A motive for murder. Dalgliesh had discovered enough motive in this crowded but not very satisfactory day. But motive was the least important factor in a murder investigation. He would gladly have exchanged the psychological subtleties of motive for a single, solid, incontrovertible piece of physical evidence linking a suspect with the crime. And, so far, there was none. He still awai
ted the report from the Metropolitan Laboratory on the mallet and the vomit. The mysterious figure seen by old Goddard fleeing from Hoggatt’s remained mysterious; no other person had yet been traced or had come forward to suggest that he wasn’t a figment of the old man’s imagination. The tyre marks near the gate, now definitely identified from the tyre index at the laboratory, still hadn’t been linked to a car. Not surprisingly, no trace had been found of Middlemass’s white coat and no indication whether or how it had been disposed of. An examination of the village hall and the hobby-horse costumes had produced nothing to disprove Middlemass’s account of his evening and it was apparent that the horse, a heavy, all-enveloping contraption of canvas and serge, ensured that its wearer would be unidentifiable even, in Middlemass’s case, to his elegant handmade shoes.
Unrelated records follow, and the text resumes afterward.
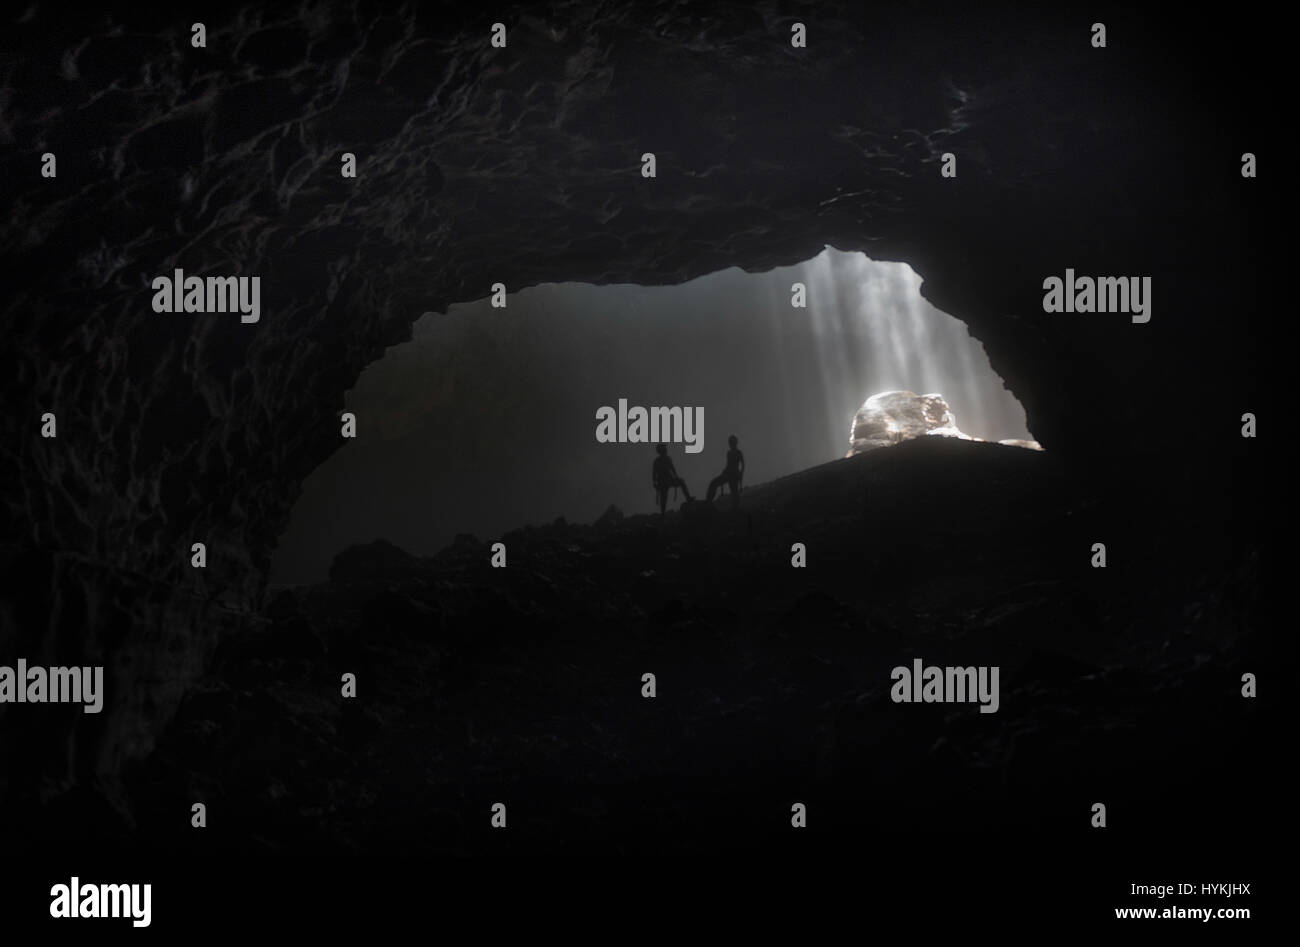 YOGYAKARTA, Indonesien: Unglaubliche Abseilen Bilder aus einer dreihundert Fuß hohe vertikale Höhle mit einer dunklen Geschichte wurden von Mann und Frau Team gefangen genommen. Bilder und Videos zeigen das Ausmaß des Aufstiegs in die schwarze Höhle, hervorgehoben durch Sonnenstrahlen, die durch den Mund der Höhle lugt. Das unheimliche Abseilen in die schwarzen fand in Indonesiens Jomblang Höhle, synchronisierte Massaker Höhle aufgrund seiner schrecklichen Vergangenheit wo in 1965 Hunderte von Mitgliedern der PKI, kommunistische Partei von Indonesien, wurden angeblich und massakriert.  Geschichten rund um diese Höhle noch spuken die Dorfbewohner ein Stockfoto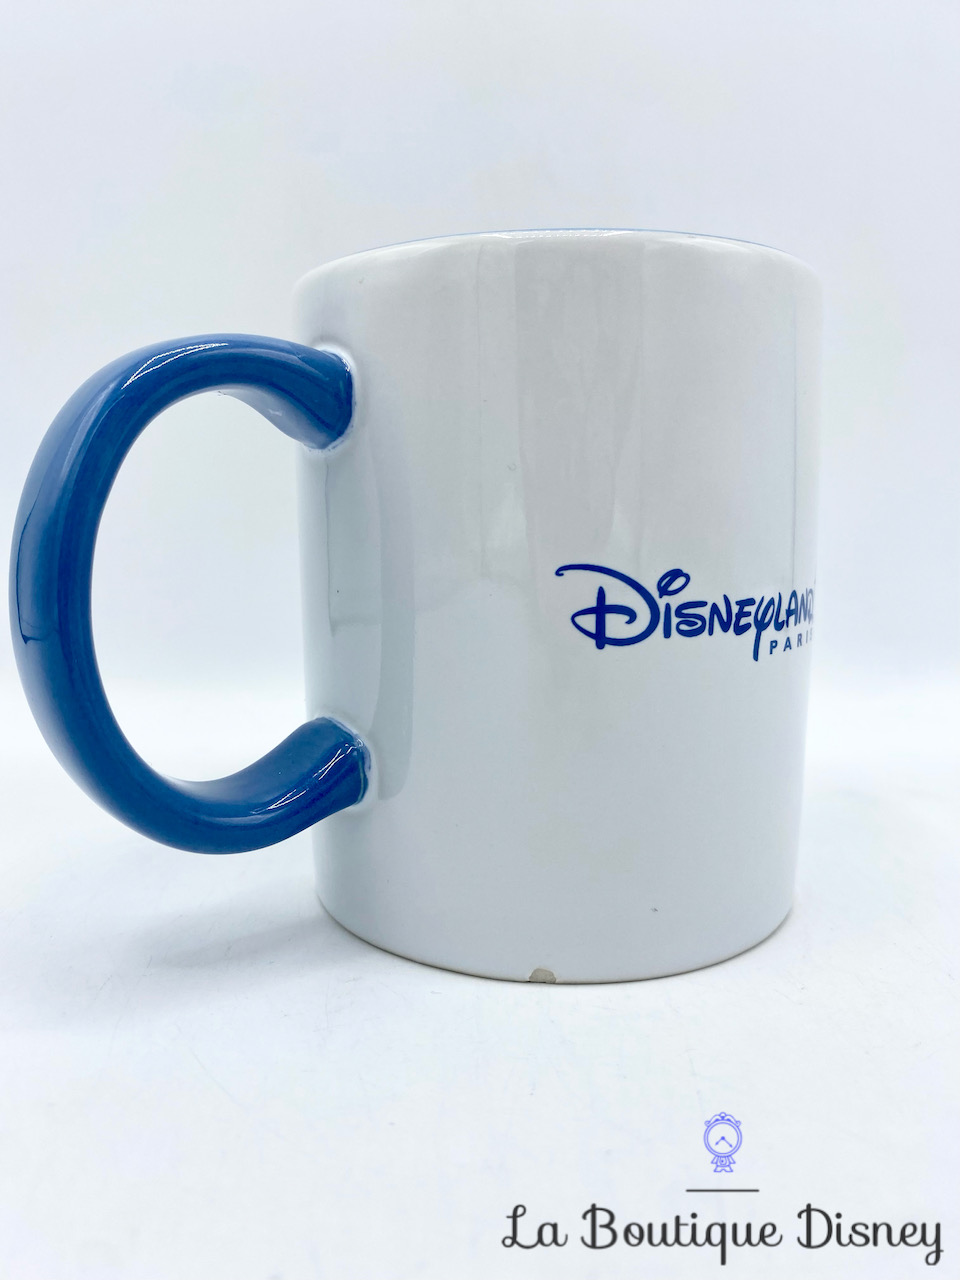 Tasse Stitch Merry Stitchmas Disneyland Paris mug Disney monstre bleu Noël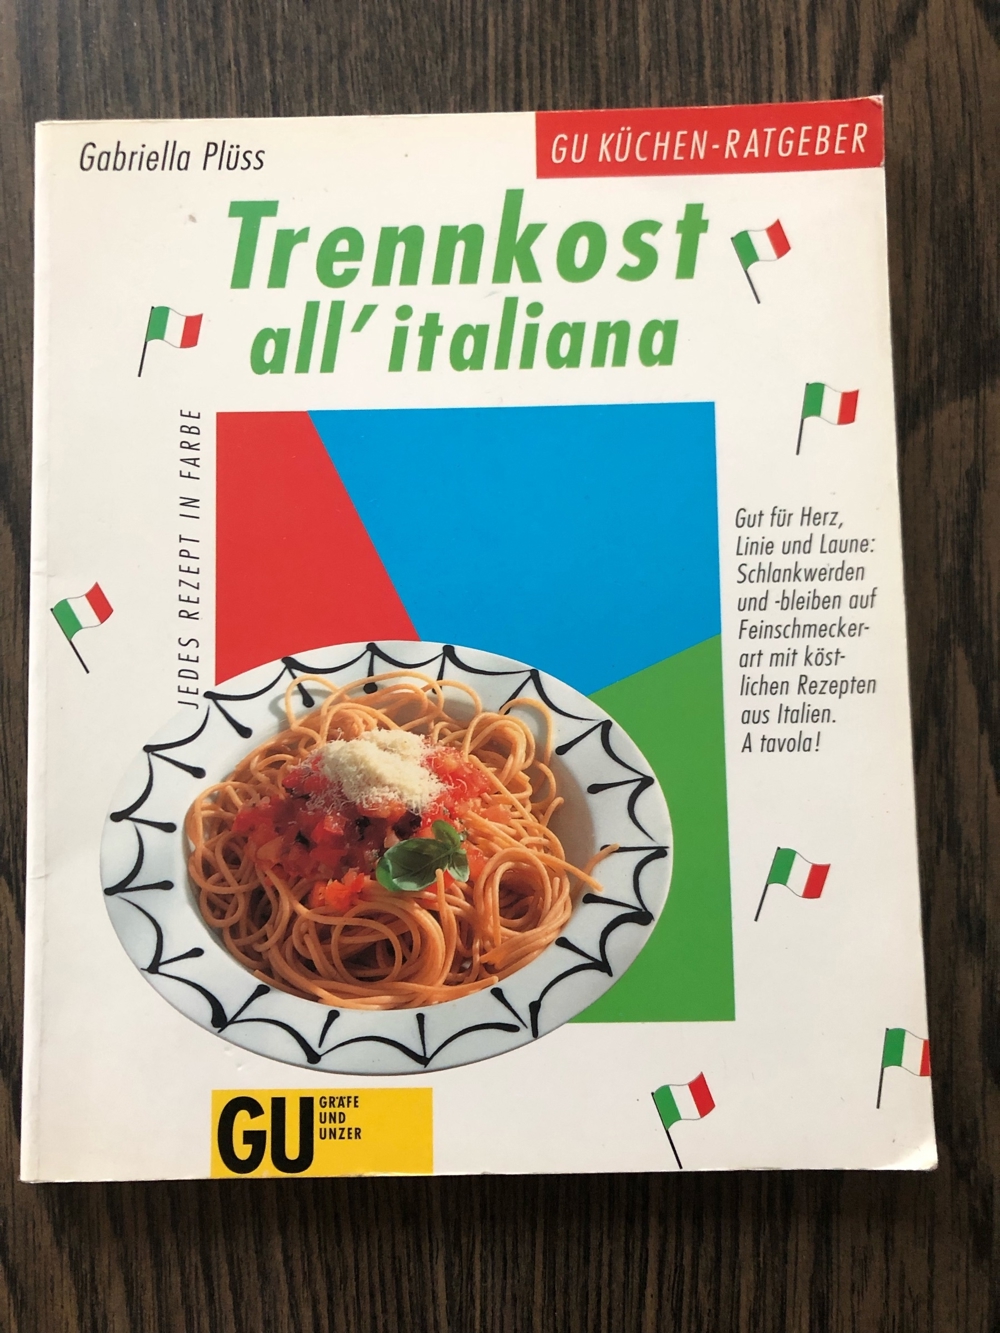 Trennkost all'italiana

The central mysteries of the case remained. Who was it who had telephoned the message to Lorrimer about the can being burned and the number 1840? Was it the same woman who had rung Mrs. Bidwell? What had been written on the missing sheet from Lorrimer’s rough notebook? What had prompted Lorrimer to make that extraordinary will?
Lifting his head from the files, he listened. There was a noise, faintly discernible, like the creeping of a myriad insects. He remembered it from his childhood nights, lying awake in the nursery of his father’s Norfolk vicarage, a sound he had never heard in the noise of cities, the first gentle sibilant whisper of the night rain. Soon it was followed by a spatter of drops against the window and the rising moan of the wind in the chimney. The fire spluttered and then flared into sudden brightness. There was a violent flurry of rain against the pane and then, as quickly as it had begun, the brief storm was over. He opened the window to savour the smell of the damp night air, and gazed out into a blanket of darkness, black fen earth merging with the paler sky.
As his eyes became accustomed to the night, he could discern the low rectangle of the village hall and, beyond it, the great medieval tower of the church. Then the moon sailed out from behind the clouds and the churchyard became visible, the obelisks and gravestones gleaming pale as if they exuded their own mysterious light. Below him, faintly luminous, lay the gravel path along which, the previous night, the morris-dancers, bells jangling, had made their way through the rising mist. Staring out over the churchyard he pictured the hobby-horse pawing the ground to meet them, rearing its grotesque head among the gravestones and snapping the air with its great jaws. And he wondered again who had been inside its skin.